Collaboration is a core skill in any successful business. The means, however, through which businesses collaborate internally as well as externally with customers and partners have changed dramatically over the past 20 years and  will continue do so at a torrid pace. 

Historically businesses were relatively insular. Interactions were conducted face-to-face, through mountains of paper based mail, and via the telephone, but only when in a landed setting. This began to change in the 1970s and 80s with the steady advancement of computing capabilities and the beginning of the break-up to telco monopolies and the subsequent decline in communication costs. Business computing systems began to communicate directly via protocols like EDI (electronic data interchange) but only in very structured ways to support transactional activities.

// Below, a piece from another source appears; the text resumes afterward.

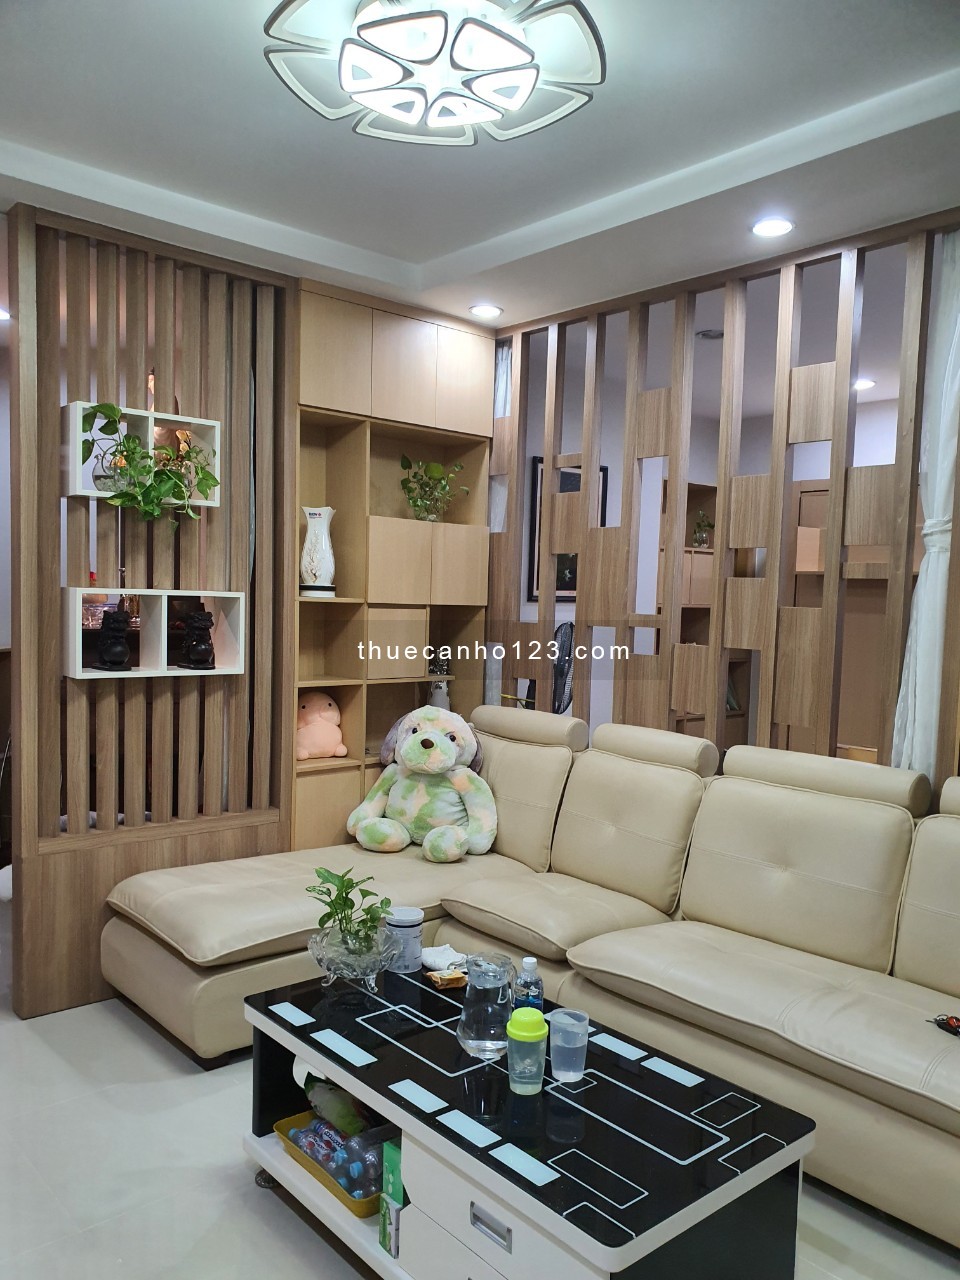 Cần cho thuê căn hộ chung cư Him Lam Chợ Lớn, Quận 6 - 0975598039

Things changed dramatically in the 1990s with the emergence and growth of email, the internet and accessible and affordable mobile telephone services. Employees became connected real-time to coworkers as well as customers and others outside the walls of the organisation. These advances were paralleled in efforts to create software tools to enable collaboration like Lotus Notes, then Groove and then much more interactive internet and web-based services and tools. Today the collaboration envelope is being pushed by peer to peer social media applications and offerings exemplified by Twitter, Facebook, YouTube, LinkedIn, blogs, wikis  and a myriad of other related services and tools.  

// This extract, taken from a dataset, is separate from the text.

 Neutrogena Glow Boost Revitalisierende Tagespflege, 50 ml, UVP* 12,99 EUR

Most corporations have been relatively slow to adopt the usage of social media, particularly for internal collaboration efforts. Corporate Facebook pages and Twitter accounts are becoming more common but most businesses are still learning the uses for and impact of social media. This can pose a problem because social media is already being used and impacting most businesses internally and externally. Corporations must accelerate and prioritise efforts to understand and exploit social media as a set of serious business tools. In doing do they must clearly understand and account for social media’s key tenets and characteristics (e.g., accessibility, reach, immediacy, spontaneity, uncontrollability). 

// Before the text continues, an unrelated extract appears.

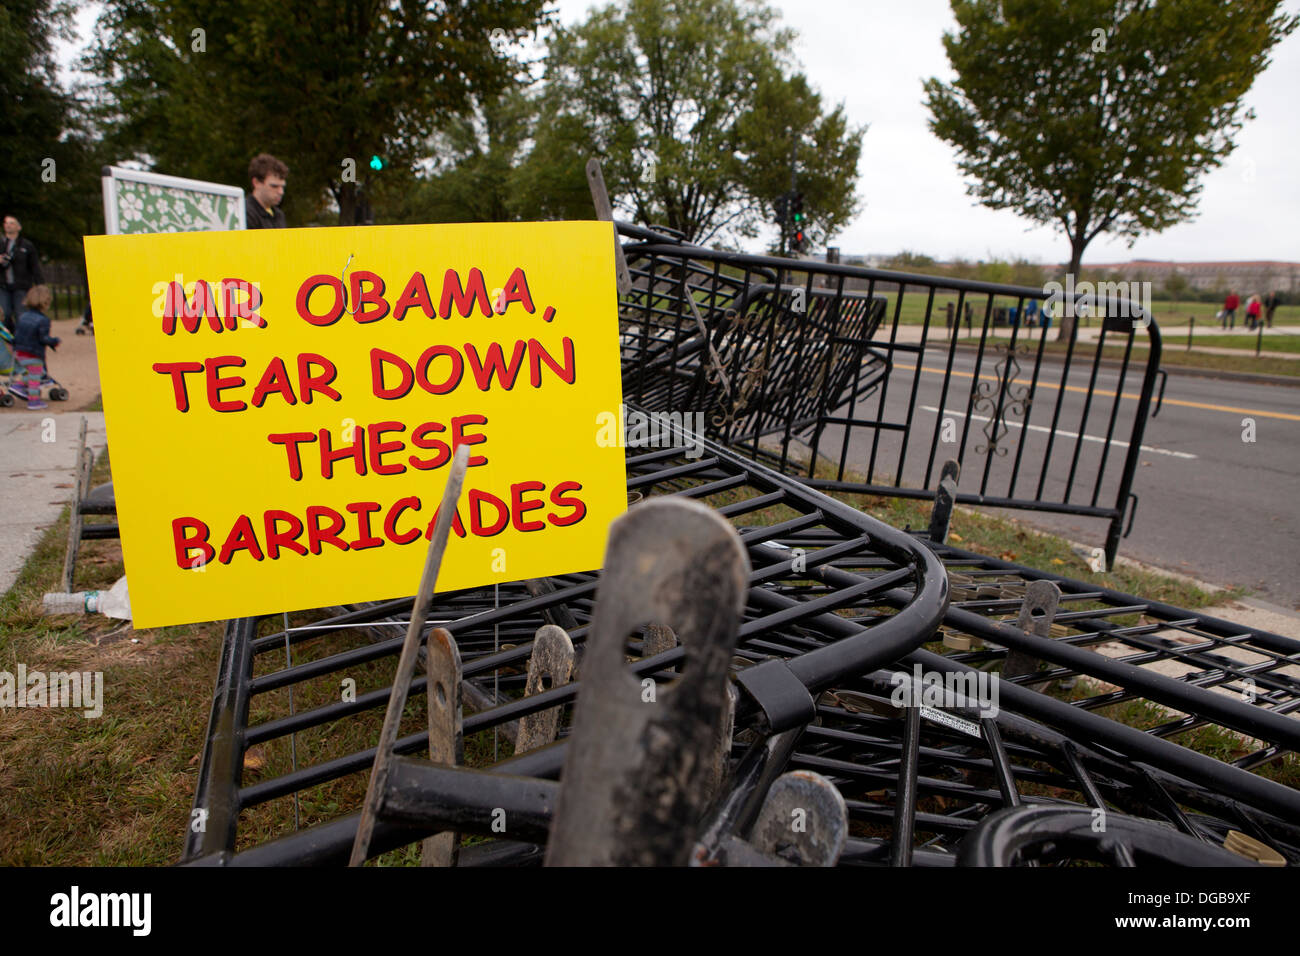 Disassembled barricades - Washington, DC USA Stock Photo

Corporations embracing social media must figure out the best ways to exploit the medium (e.g., accelerated viral marketing, peer-to-peer customer support, 'crowdsourcing'). They must also update legacy corporate policies and procedures to reflect the reality of the market (i.e., social media’s mainstream and you cannot stop or avoid it).  Most importantly, corporations must constructively encourage and channel social media’s usage rather than (vainly) trying to unduly control or stop it. Key points to address include the following:

  • Make social media usage a corporate agenda item
  • Provide constructive guidance and training to employees on how to use social media as part of their job duties
  • Identify social media experts and bring them into the discussion. Encourage mentoring between the experts and key staff in areas like sales, marketing, and customer care
  • Update and create realistic policies on employee use of services like Twitter and Facebook and tools like wikis and blogs relative to their work duties.  Pay close attention to topics like data privacy and intellectual property protection
  • Create contingency plans and response teams for the inevitable breach or problem
  • Involve all key corporate roles, including executive management, legal, risk and compliance representatives in social media planning and discussions; it’s too critical to delegate

In the global sourcing industry where EquaTerra plays an advisory role there are many opportunity areas where social media can bring value. It can help distributed, often global teams, to collaborate better on a sourcing opportunity. It can help with service provider vetting and assessment (most major service providers have Twitter accounts and Facebook pages) by providing a less structured and formal window into the provider thinking.

Social media can help update relevant parties on the status of an ongoing sourcing effort and alert them to problems in real time. Ultimately, if social media can help to foster better collaborative relationship between a buyer and their service provider it will prove its value as one of the core tools to enable sourcing success.